## WHAT THE EXERCISE ASKS:
Give the data again exactly, without its images.

*** DATA Section Begins ***

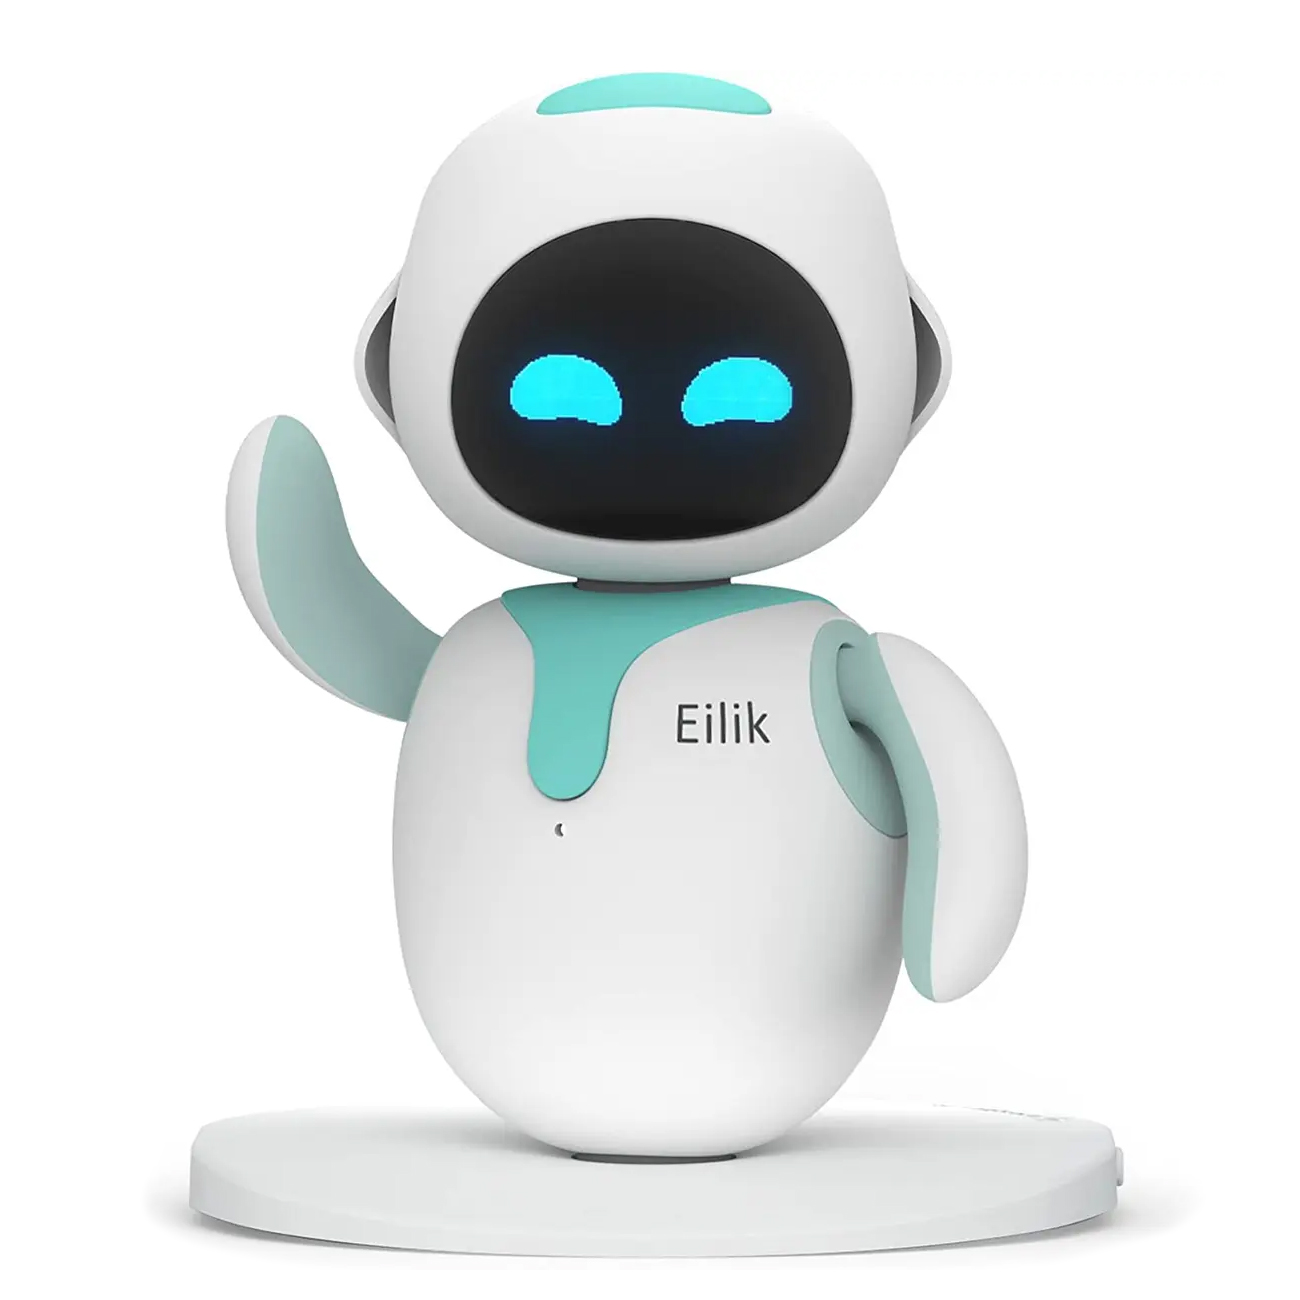 Робот Eilik интерактивный компаньон для дома Blue
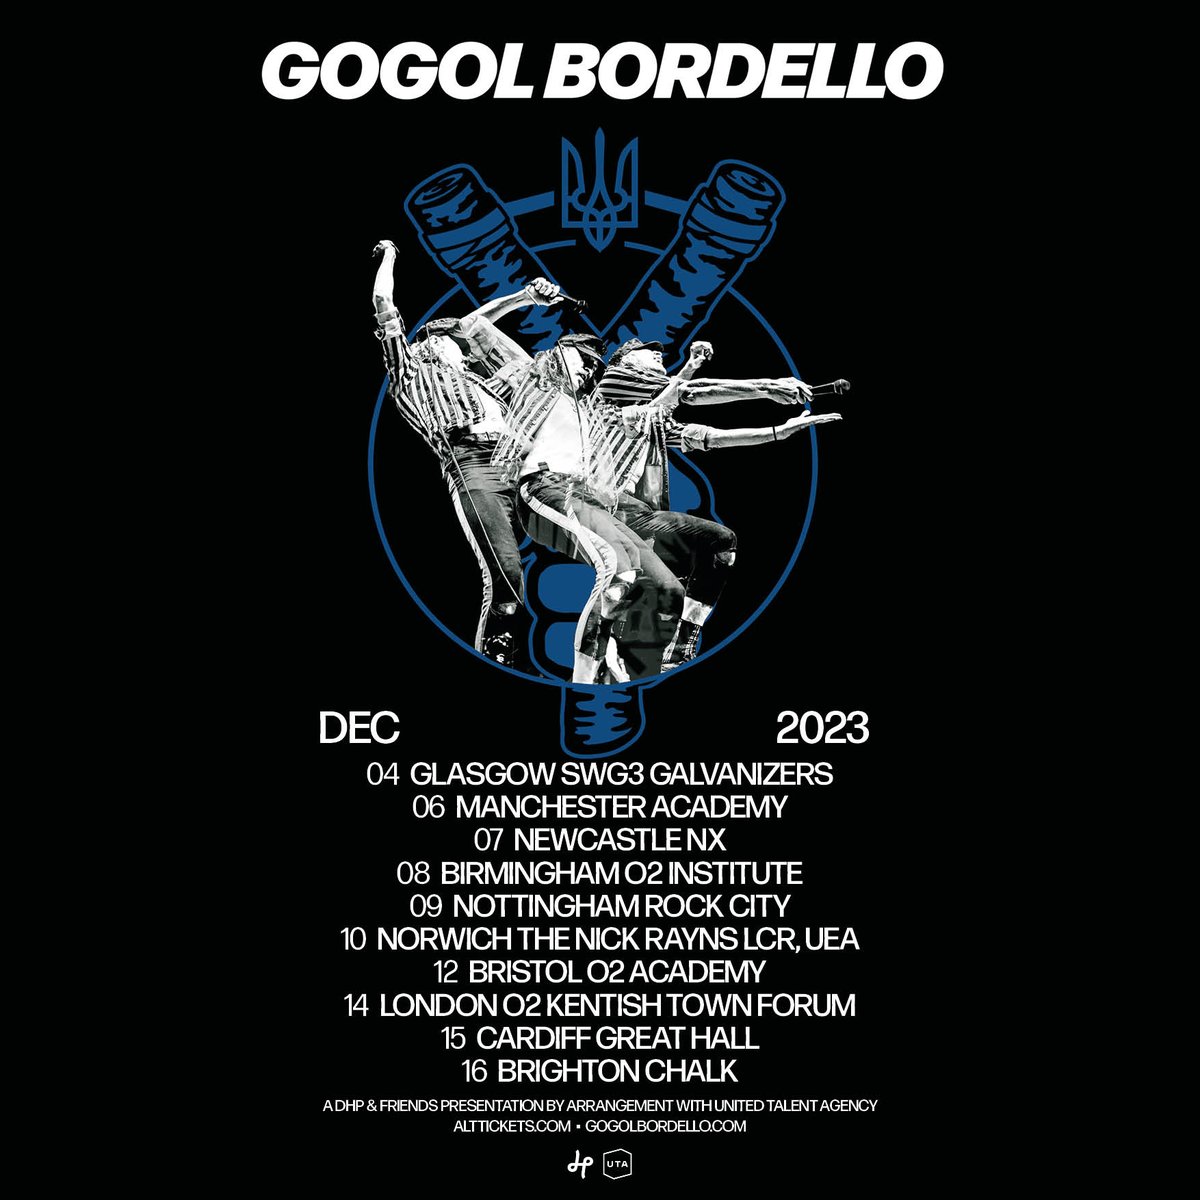 Gogol Bordello UK Tour 2023 ON SALE NOW 🎟🎟🎟 Get your tickets: gogolbordello.com/tour
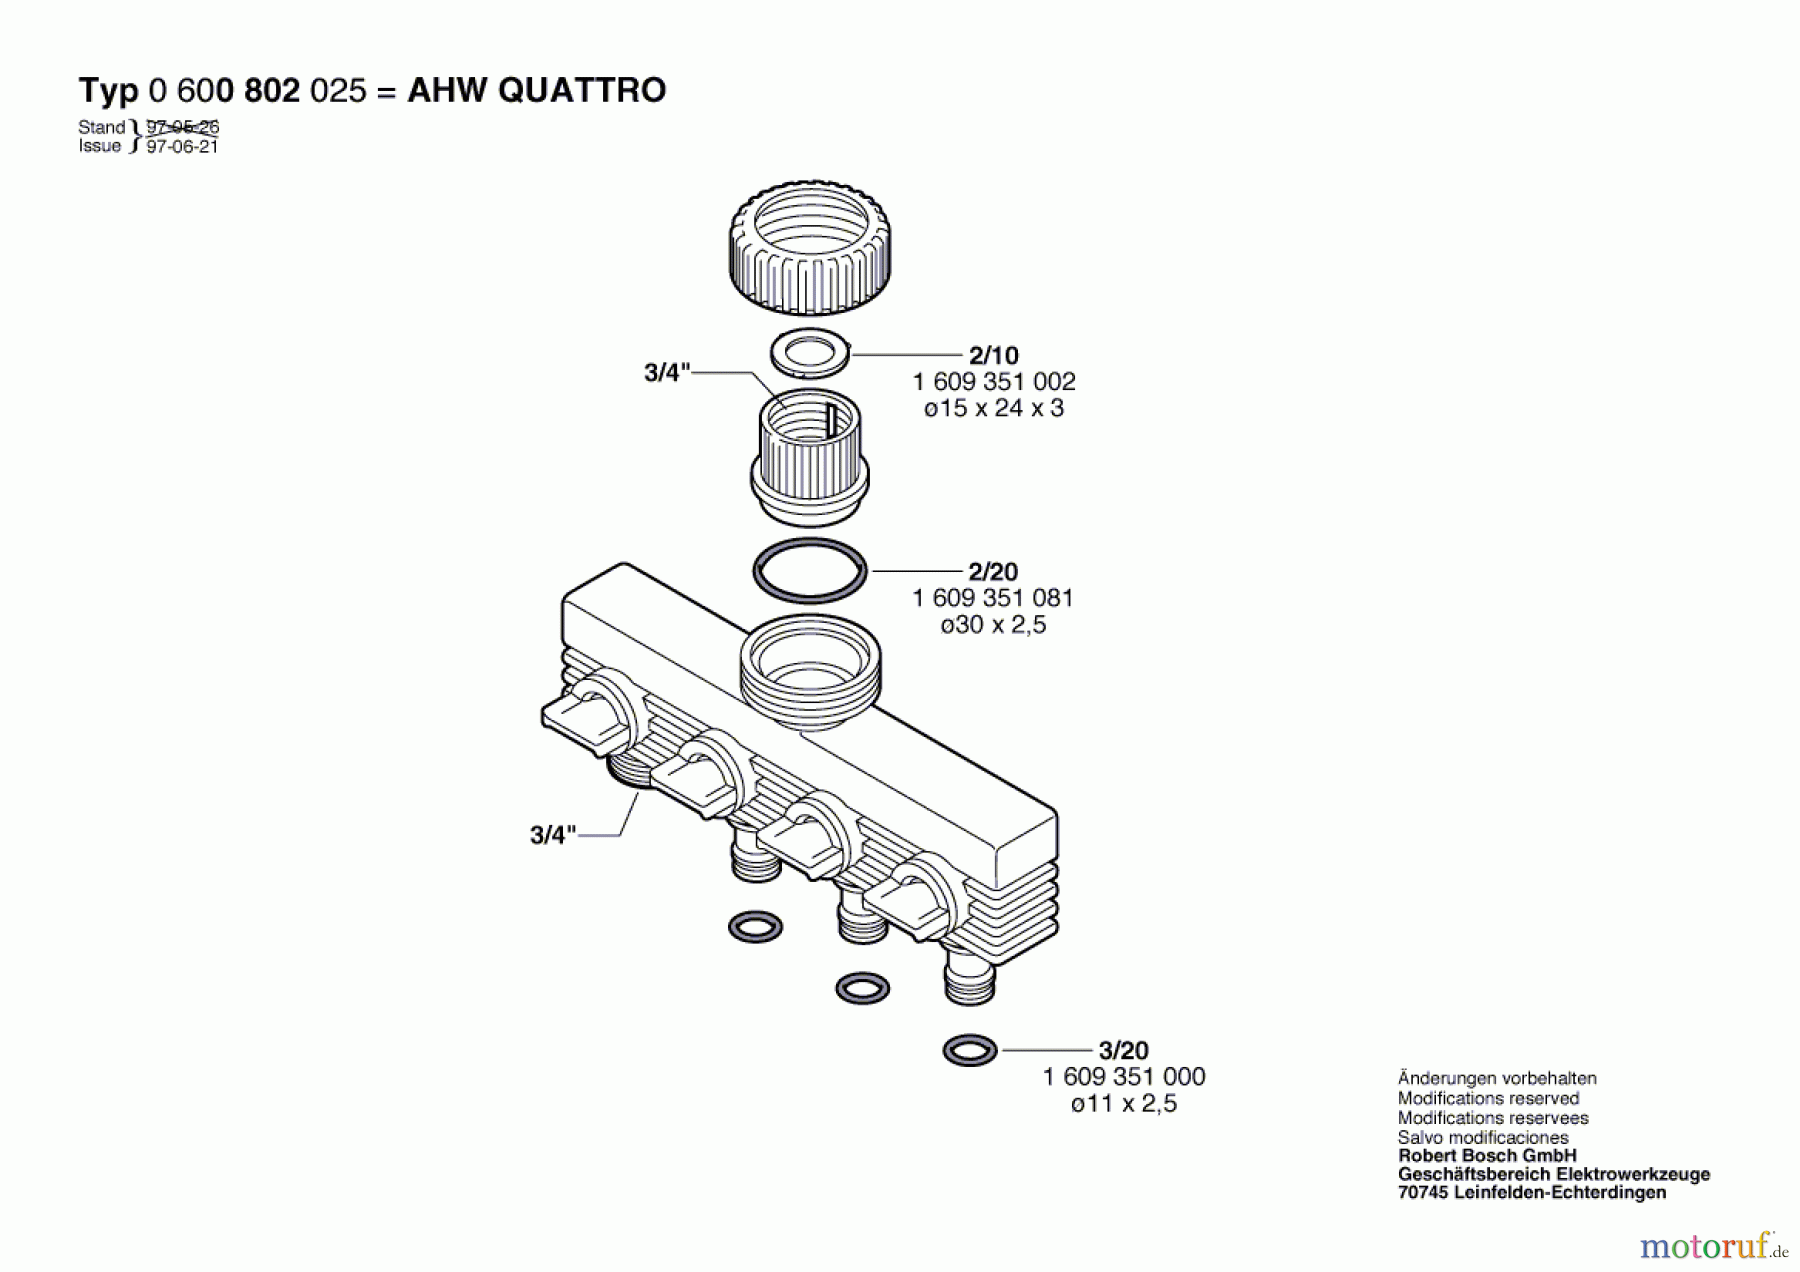  Bosch Wassertechnik Hahnanschlussstück AHW QUATTRO Seite 1

*** DATA Section Ends ***

## EXERCISE ANSWER:
 Робот Eilik интерактивный компаньон для дома Blue
 Gogol Bordello UK Tour 2023 ON SALE NOW 🎟🎟🎟 Get your tickets: gogolbordello.com/tour
  Bosch Wassertechnik Hahnanschlussstück AHW QUATTRO Seite 1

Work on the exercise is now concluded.